= J. B. Edwards =

American dramatist

J. B. Edwards (born October 3, 1951) is an American playwright known for works including: William’s Last Chance (2001), A Family Reunion (2002), Una Reunion Familiar (2003), The Sanctuary (2003), Three Women Dating Henry (2004), The Day Einstein Died (2005), Einstein’s Secret Letters (2005), The Best of Everything (2006), A Delicate Matter (2007), Requiem for a Marriage (2008) and Sister Stories (2009). His works are a study of typical American lives in the late 20th century, and were influenced by the great American playwrights Arthur Miller and Edward Albee. Edwards' non-fiction books include: The Coming Cancer Breakthroughs (2001), Men Head East, Woman Turn Right (2006) and Plays by J.B. Edwards (2012). His fiction books include: Faagraph of an Ordinary Man and China Dreams.
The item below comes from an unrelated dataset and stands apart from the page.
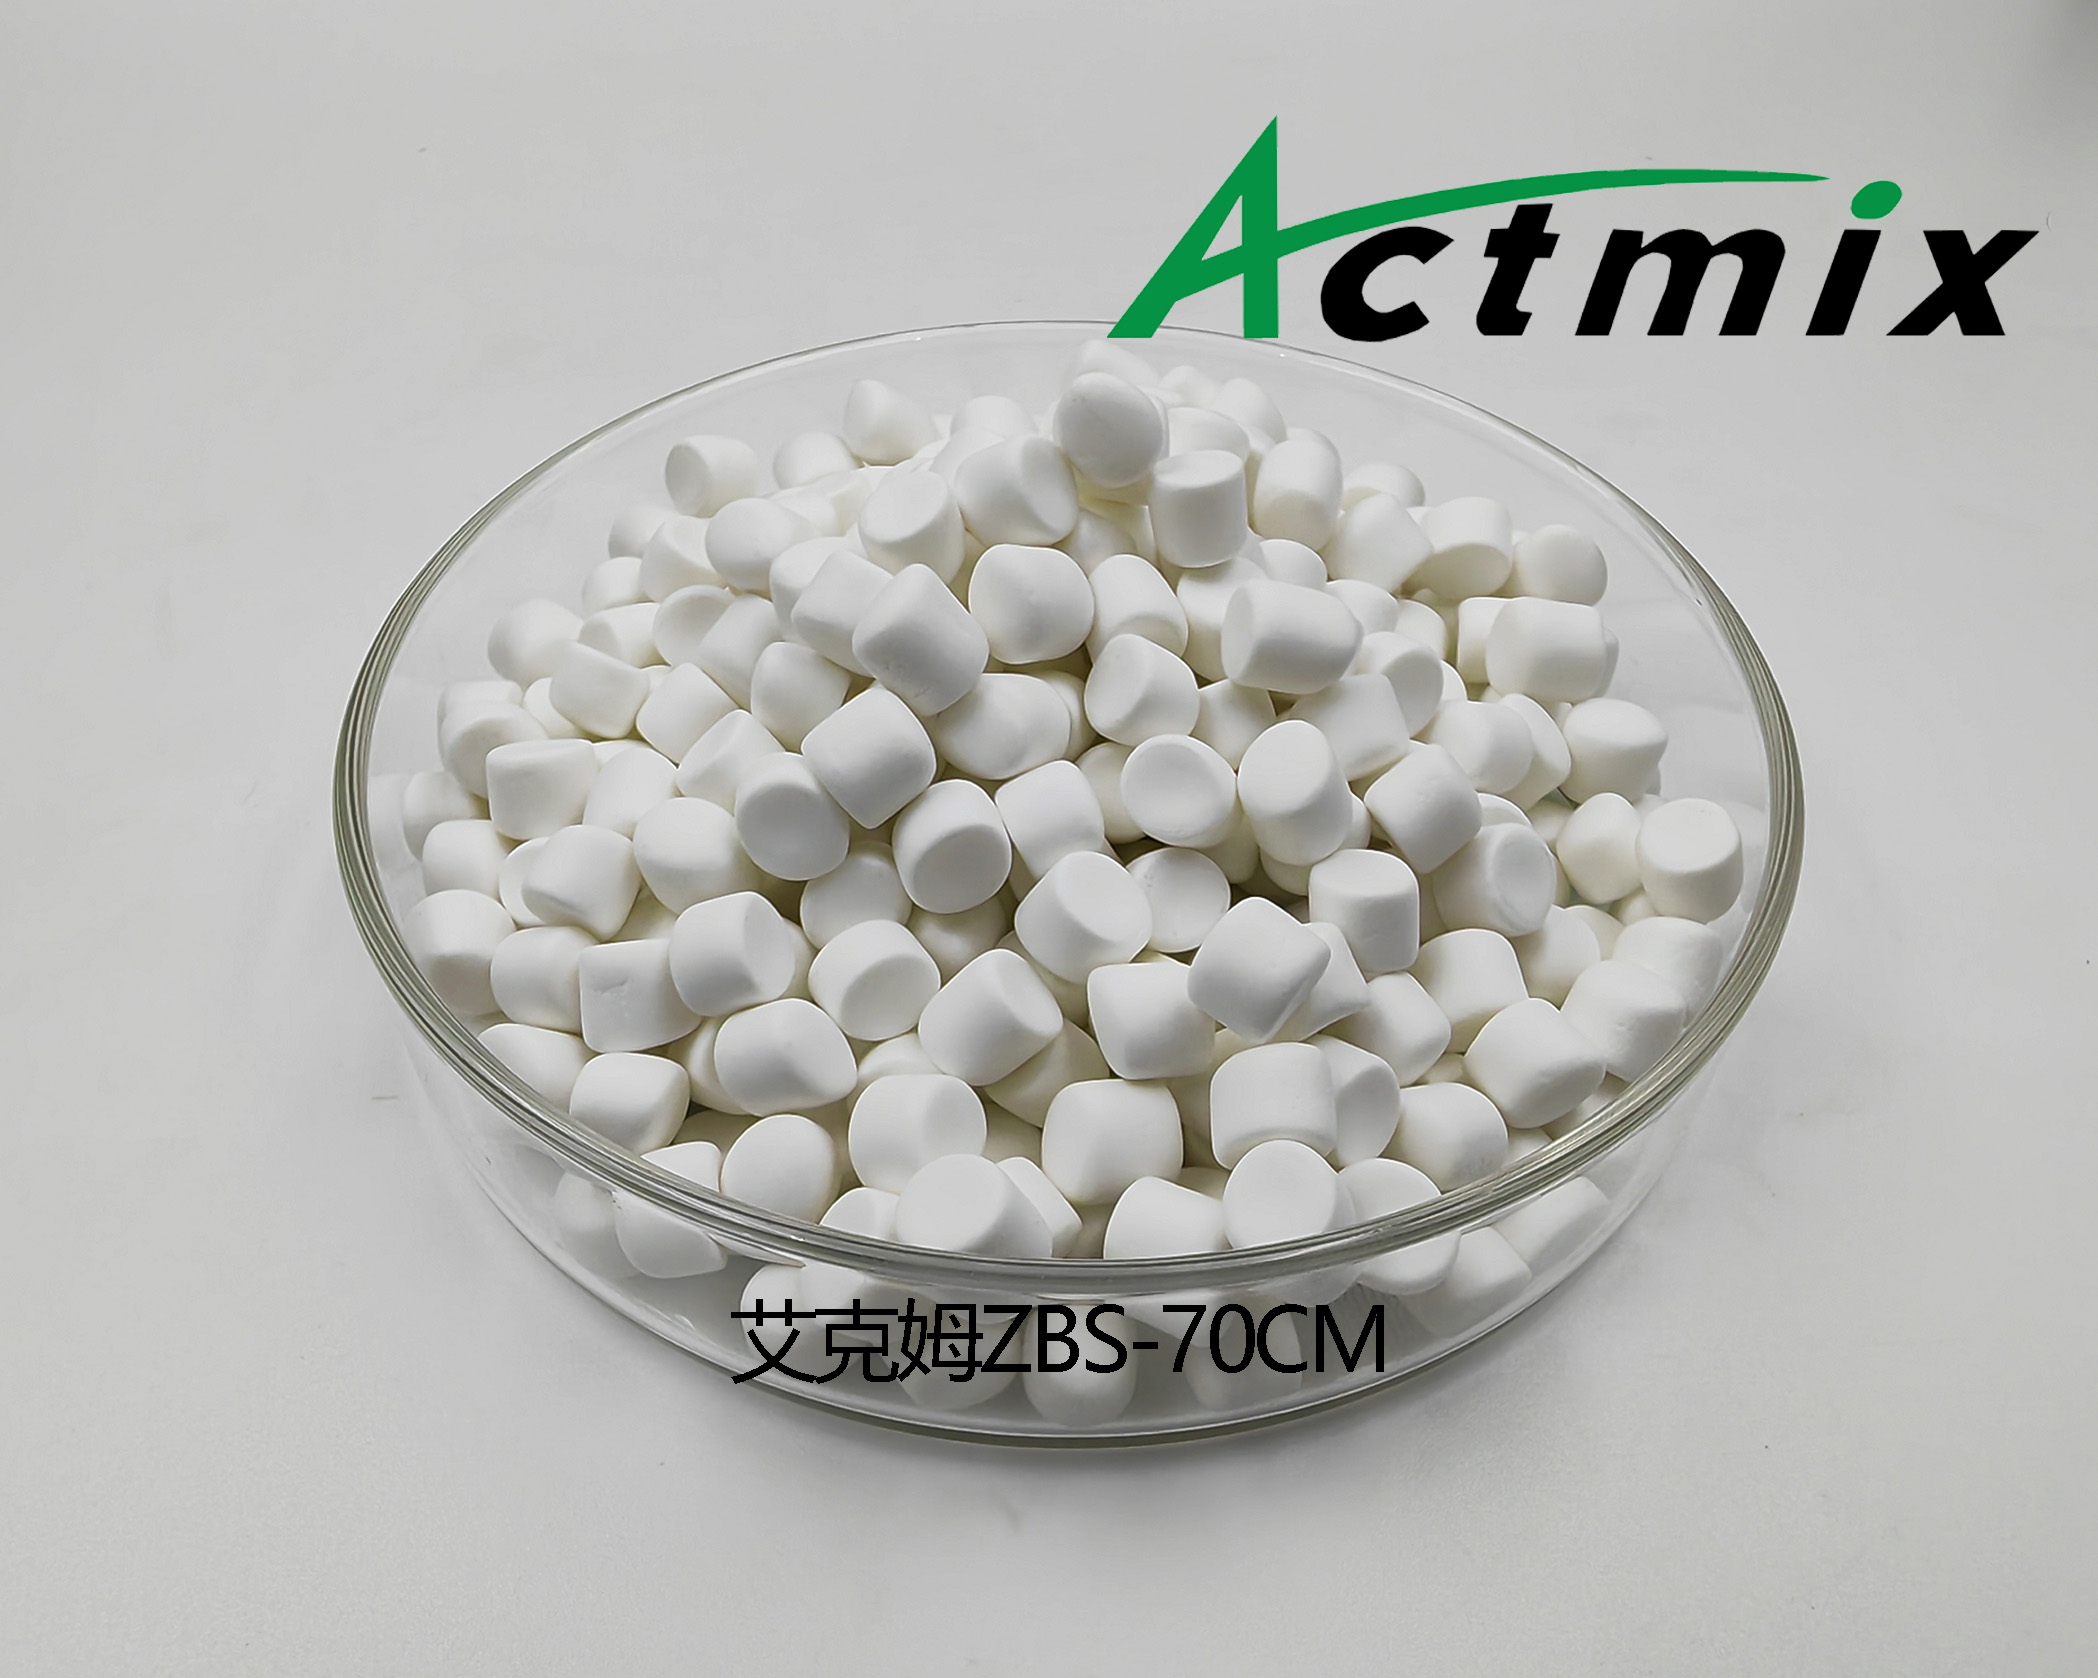 Actmix ZBS-70CM

Edwards was born in Bronx, New York, and after a Ph.D. from the University of Minnesota, did a stint in the U.S. Army. Coming back to New York for good, he began a career as a writer, poet and novelist. Ironically, his first artistic success was as a painter, with his first shows in New York in the 1980s. He continues to be a prolific painter of edgy abstract art, and his paintings are represented in several galleries and corporations in the U.S. Later in his career, Edwards began to write plays, and enjoys a continuing success in the Off-Broadway theater scene. He recently ventured into film work, writing and directing the movie version of his play Three Women Dating Henry.

J. B. Edwards is a member of the Dramatists Guild, the National Arts Club, and The Players Club of New York.